I am currently working on a webscraper, and for the most part it works quite well. I have been using beautiful soup to extract html content; to extract javascript content, I just started with html_requests.
Unfortunately, I am running into some issues when extracting javascript data from the following website "https://goglobal.com/", specifically, where they have the section that includes "100+ countries", "2500+ employees", and "3 Billion dollars saved...". The code does not extract the values correctly. However, the code seems to be working fine for other websites which have dynamic content being loaded.

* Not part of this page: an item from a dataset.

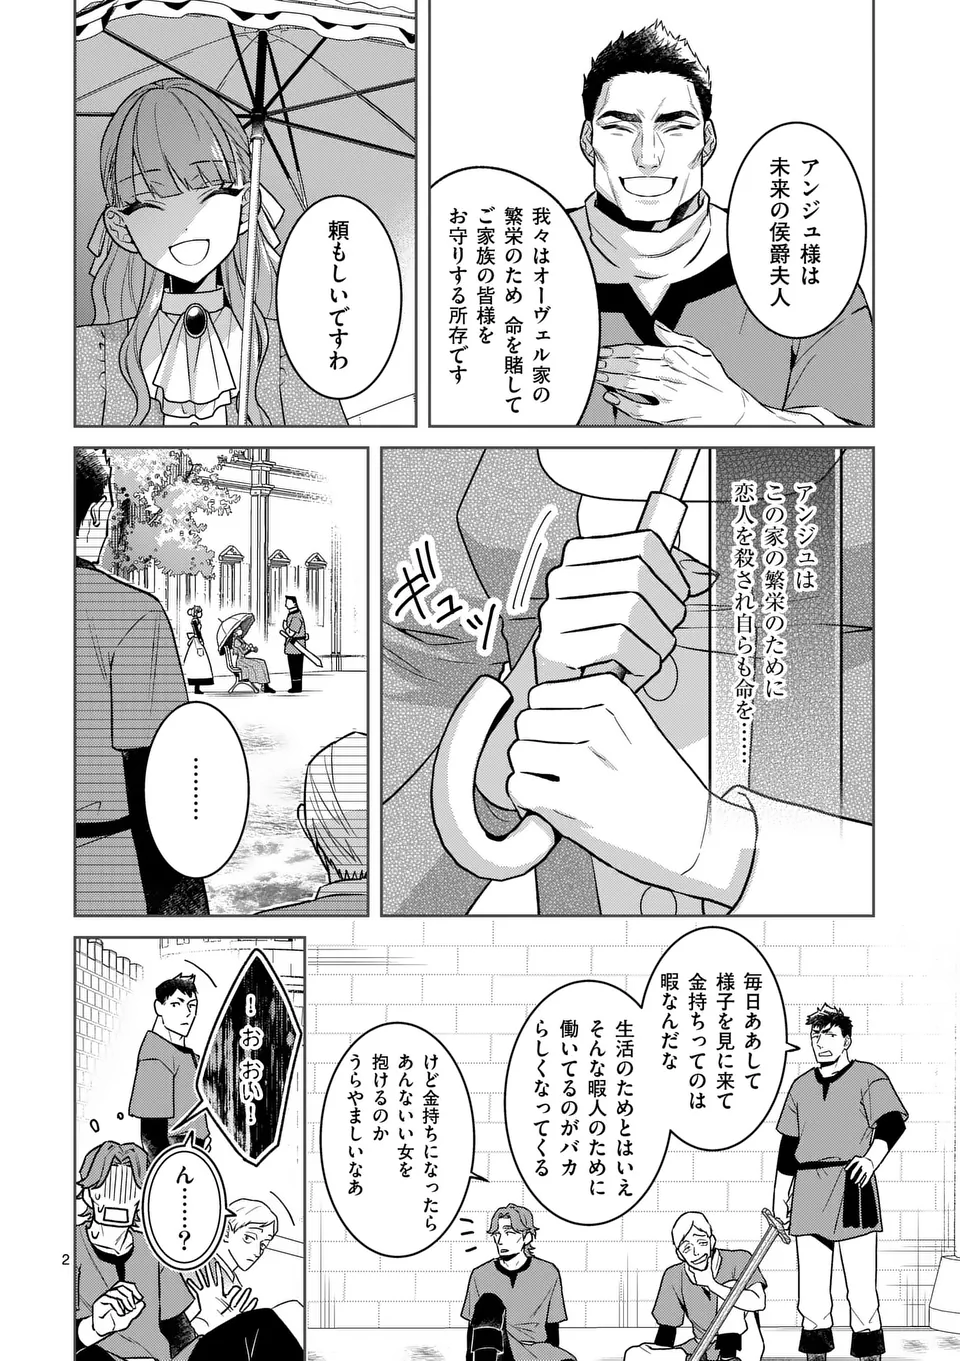 Nisemono Reijou no Fukushuu – Adauchi no Tame, 5-nin no Koushaku Reisoku no Konyakusha ni narimasu - Chapter 4.1 - Page 2
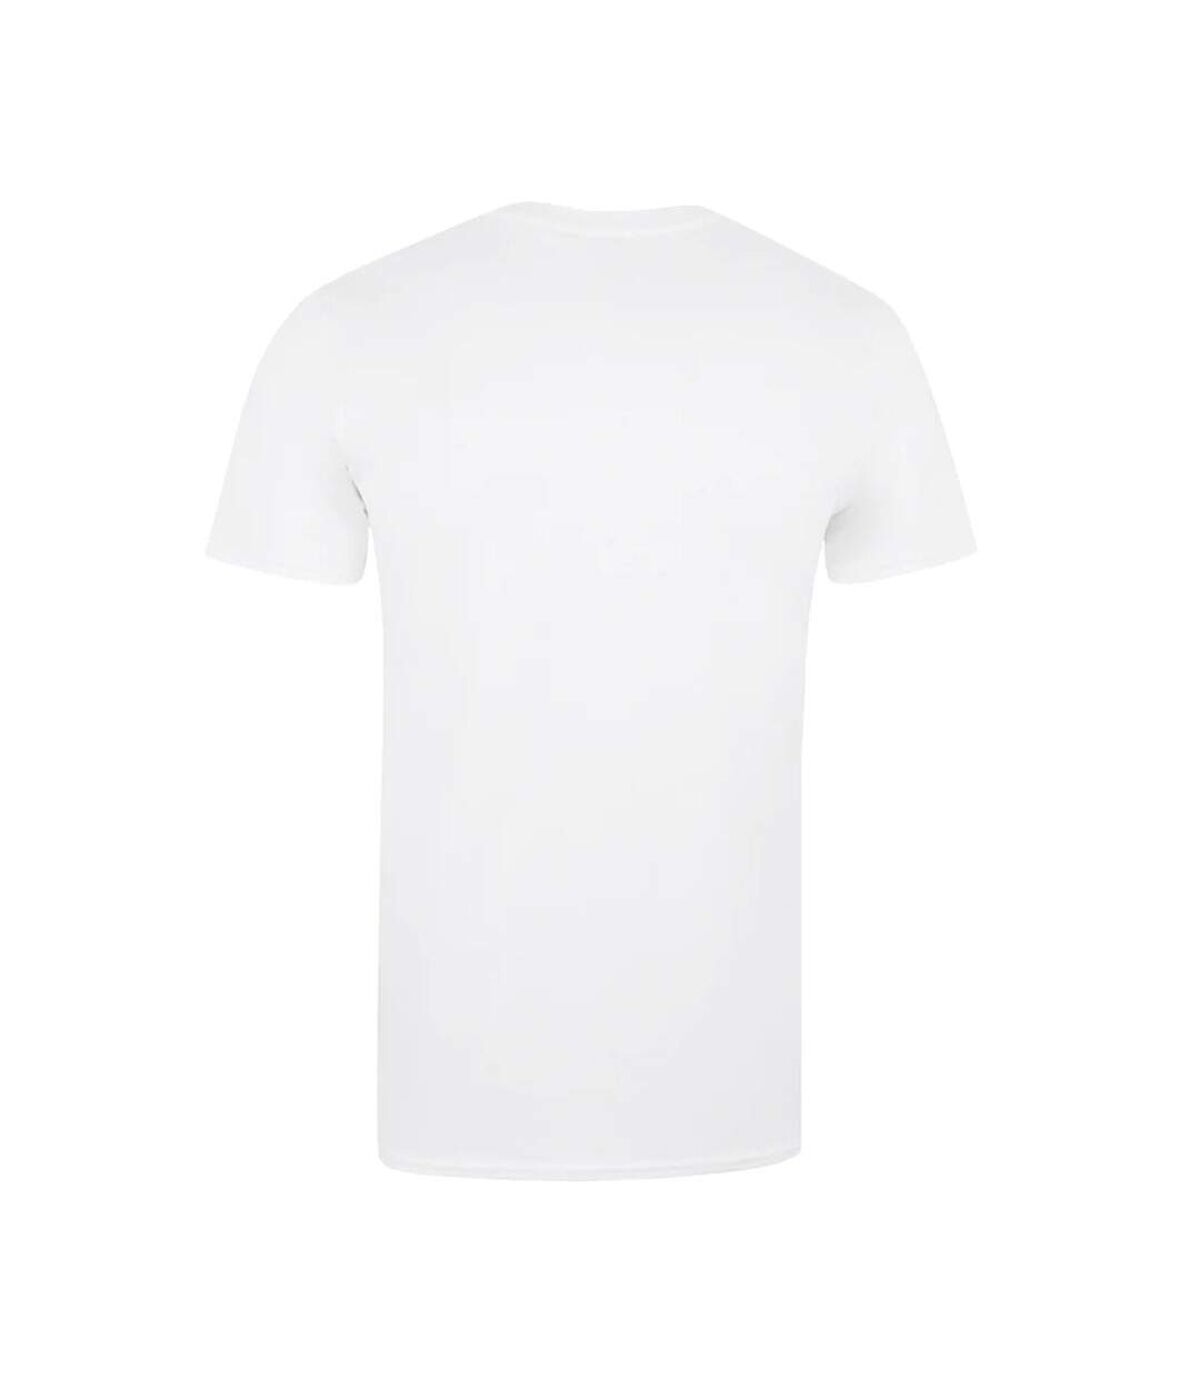 Fender - T-shirt - Homme (Blanc) - UTTV586

In an attempt to isolate the issue, I wrote the following script. But, the values from the goglobal website are still displayed incorrectly.
from requests_html import HTMLSession
import time
session = HTMLSession()
url = "https://goglobal.com/"
r = session.get(url)
r.html.render(wait=10)
time.sleep(10)
print(r.html.html)
For reference I searched through the displayed output by searching for "counter-number".
My questions are as follows:
I attempted to identify and resolve the issue with the script above.
requests-html
is pretty much deprecated, use requests
& BeautifulSoup
for static html, and selenium/playwright
for harder to scrape/dynamic sites.
In this case requests + bs4 will suffice, the numbers you are looking for are available in the static html, here's how to get them:
import requests
from bs4 import BeautifulSoup
url = 'https://goglobal.com/'
headers = {
'user-agent': 'Mozilla/5.0 (Windows NT 10.0; Win64; x64) AppleWebKit/537.36 (KHTML, like Gecko) Chrome/126.0.0.0 Safari/537.36',
}
response = requests.get(url, headers=headers)
soup = BeautifulSoup(response.text, 'html.parser')
counters = {i.select_one('h3.title').text: i.select_one('span.counter-number').get('data-counter') for i in soup.select('div.counter-item')}
print(counters)
The reason why it is not working with requests-html is probably because you are looking in the wrong place, the value you are looking at is animated, and the animation only starts when the the element is visible/scrolled into view, but the actual number is in the data-counter
attribute, the equivalent requests-html code still works without rendering:
from requests_html import HTMLSession
session = HTMLSession()
url = "https://goglobal.com/"
r = session.get(url)
counters = {i.find('h3.title', first=True).text: i.find('span.counter-number', first=True).attrs.get('data-counter') for i in r.html.find('div.counter-item')}
print(counters)
again, requests-html is no longer being updated, and I much prefer requests & bs4, but both work in this situation.